Harris, a first-term senator and California’s former attorney general, repeatedly deflected questions during her two-day swing through Iowa about whether she is planning on running for president in 2020, saying she was focused on the midterm elections.

But many of her fans in Iowa — including one who showed up in Cedar Falls with a custom-made T-shirt printed with Harris’s face and the word “2020” — spoke as though she was already running.

“She would represent me — she would represent all of us,” said Alexandra Rucinski, who drove two and a half hours from Burlington, Iowa, where she works in a diner, to see Harris speak. Rucinski said she’d become involved in politics after her town’s Planned Parenthood closed last June, and she’d been motivated by Harris’s stance on women’s rights.

Rucinski liked Harris’s identity as a “progressive,” she said. She also echoed a common refrain in Iowa: that Harris was a strong candidate for president in part because of her identity, particularly as a woman of color.

“You look at her, and after what we’ve been through, I’d love to replace Trump with that,” said Rucinski of Harris, the daughter of Jamaican and Indian immigrants.

“She’s the female Obama, that’s how I feel,” said Sophia, a government employee in Des Moines who did not want to give her last name. “I think someone with her background — Obama was the same way. Just being who she is, she’s the image of who we want to be.”

Harris’s celebrity was especially apparent among the crowds of college students in Iowa City, who sprinted down a hill, backpacks bouncing, to catch up with her as she led a group to an early voting spot.

She had finally gotten into her car when four young men came to the door to beg her for a selfie; she obliged. As she climbed back in, a pair of students broke out into chants of “Mom-a-la” — a reference to the nickname Harris’s stepchildren use for her.
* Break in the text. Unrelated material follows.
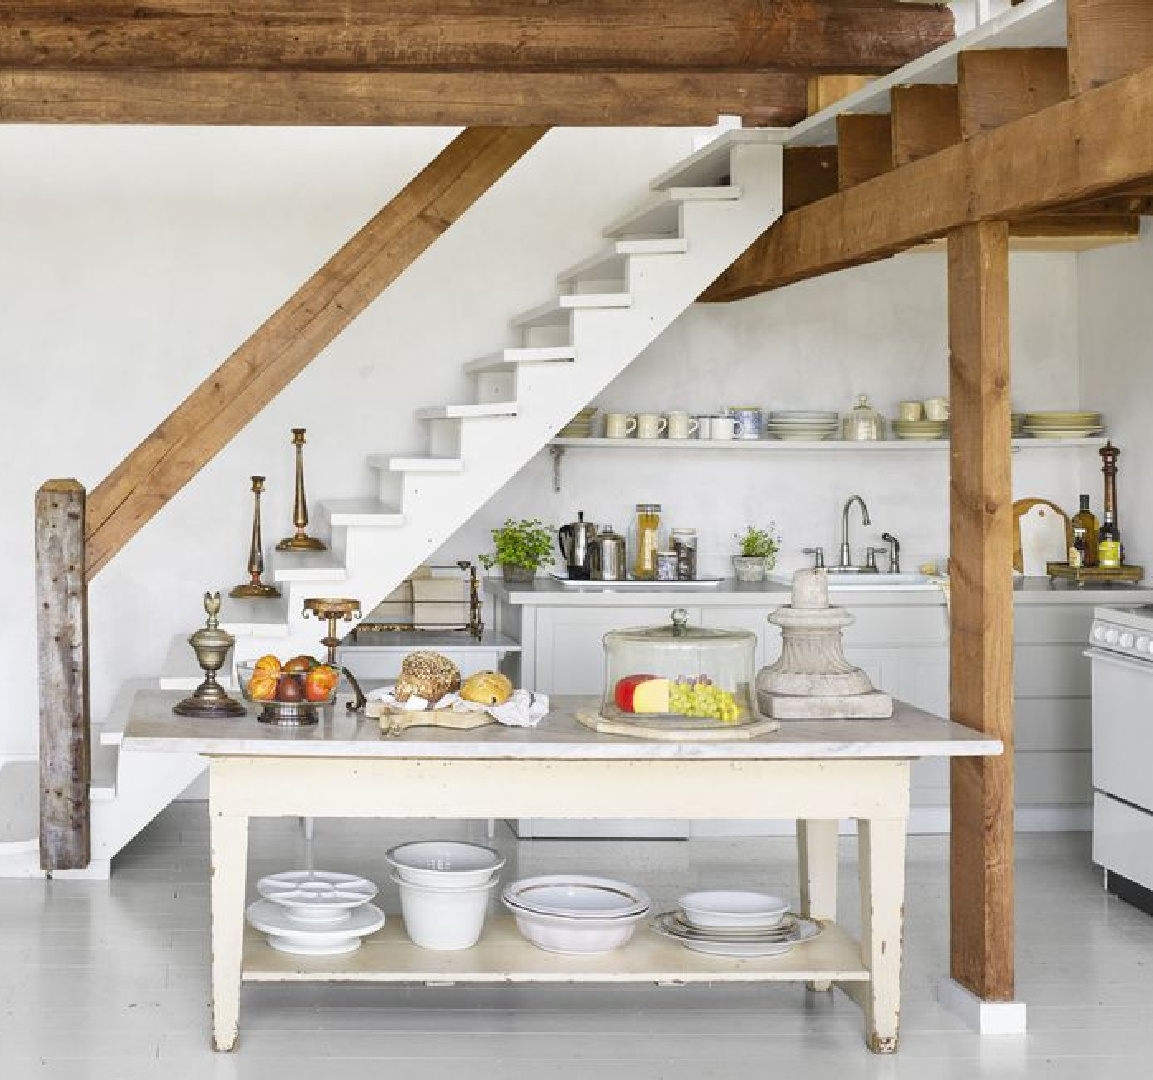 Scandinavian style inside a beautiful barn converted into a guest house in New York by Gun Nowak. Photo: Annie Schlechter. #countryhouse #newenglandstyle #nordiccharm
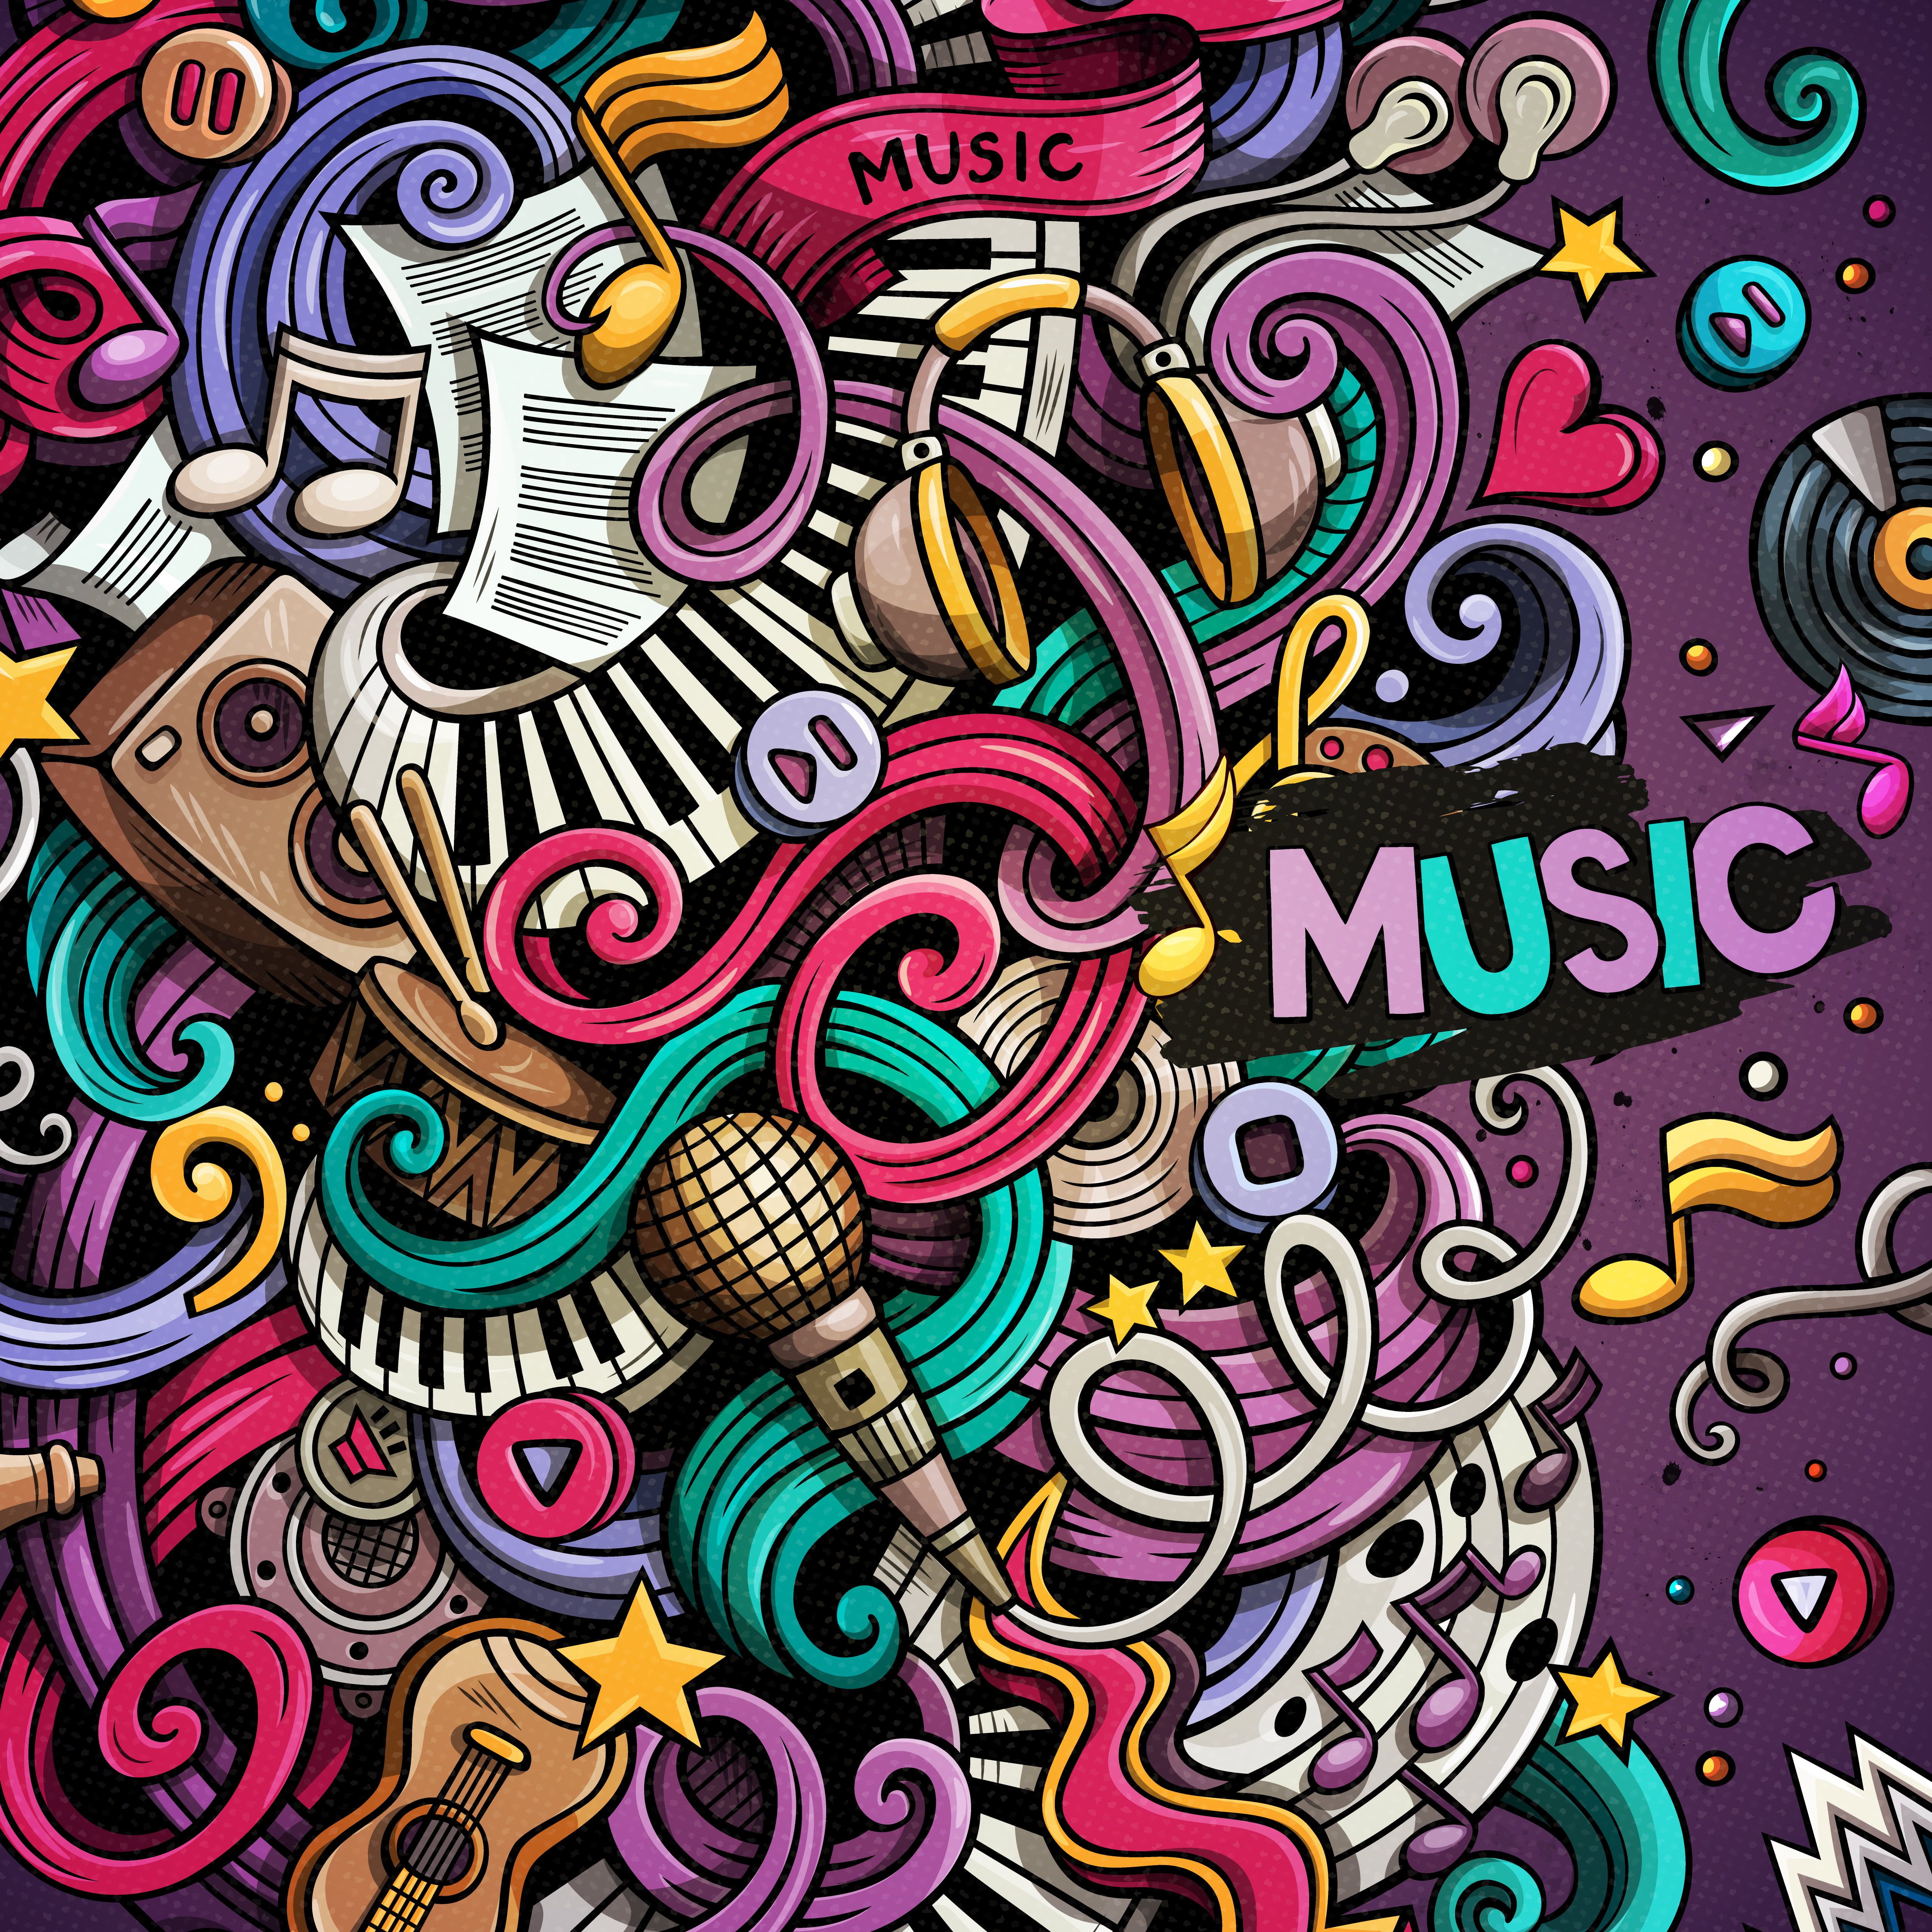 Assorted Color Instrument Collage Artwork #music #doodles #colorful Musical Instruments #patterns K #wallpaper. Music Doodle, Collage Artwork, Music Wallpaper

In Indianola, Harris spoke to a small crowd packed into the back room of a pizza restaurant in the town of 16,000.

“She’s a rockstar — she’s amazing. She kicked butt in the Kavanaugh hearings,” said Amy Ramsey, an occupational therapist in Carlisle, Iowa, who has been following Harris’s work for more than a year, mostly on Twitter. “She’s honest, she’s professional, and she’s strong, which is very important in Iowa.”

But, she added, “I will say — I was bragging to all my friends that I was getting to come and see her, and I was disappointed that most people didn’t seem to know who she was.”

“I’m sure if they did know her, they would love her,” Ramsey said.